III. We are not prepared to say that the evidence does not make a case under the humanitarian rule. Contributory negligence is no defense to this peculiar kind of negligence. Under the law (Vigilant-Watch Ordinance) the duty was imposed upon the agents of the defendant to be upon the lookout for persons or vehicles upon or approaching the tracks. The ordinance was in evidence, as also was the speed ordinance. Not only was there a duty to be upon the lookout, but there was the further duty to stop the car "in the shortest time and space possible." This duty is and was a continuous duty, and the ordinance law applies to all portions of the tracks. That is to say, the duty is not confined to public crossings. This is mentioned, not for the purpose of elaborating upon the alleged ordinance negligence, but to show that there was room for the humanitarian rule, under the facts shown. If (as we have ruled) there was a legal duty for the agents of the defendant to be upon a constant lookout for persons or vehicles upon or approaching the tracks, then the defendant (not having the right to expect a clear track) cannot hide behind the claim that his agents did not see the automobile in time to avert the accident. [Degonia v. Railroad, Paragraph II, 224 Mo. l.c. 586 et seq.]

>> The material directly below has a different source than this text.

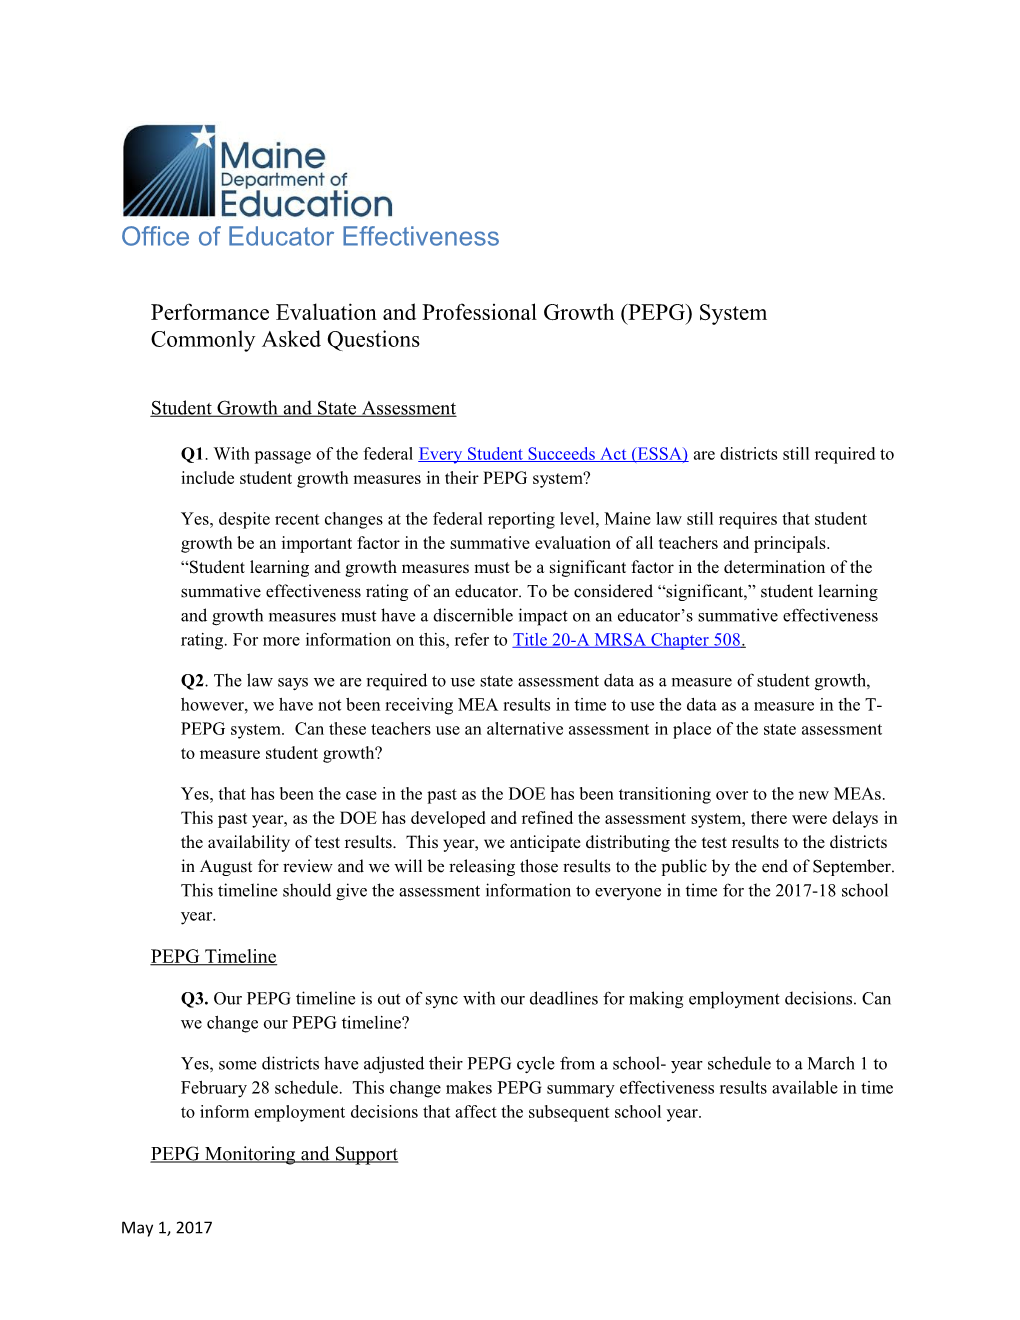 Performance Evaluation and Professional Growth (PEPG) System

Where there is an imposed duty to look, and looking was to see (as is true in the instant case), then the law says the agents did see the approaching vehicle, whether in fact they saw it or not. In other words, the law makes them see it, at just such point from which *655 they could have seen it, had the servants been in the exercise of the care prescribed by the ordinance. Under the facts these agents of the defendant could have seen the automobile as it turned toward the south, when their street car was 350 or more feet away. Under the humanitarian rule the conduct of these agents must be measured from the point where they could have seen the turning car, had they been looking. This because they had no legal right to expect a clear track. So, under this point, we may concede the contributory negligence of both plaintiff and his wife (which we do not concede, but rule that it was at least a question for the jury) and yet the rule of humanity demanded of these agents that they do something to avert the injury. There is much evidence tending to show that they did nothing. Such is the situation, taking for the facts, as we must, the most favorable evidence for the plaintiff. We therefore rule that this overruling of the demurrer was well enough, even under the humanitarian rule. The ruling in the second paragraph of this opinion sufficed for the affirmance of the order granting a new trial, but as this case is to be retried, this discussion of the law of the case is not out of place.

The order granting the new trial should be affirmed, and the cause remanded to the end that there may be a new trial thereof. It is so ordered. All concur, except Woodson, J., absent.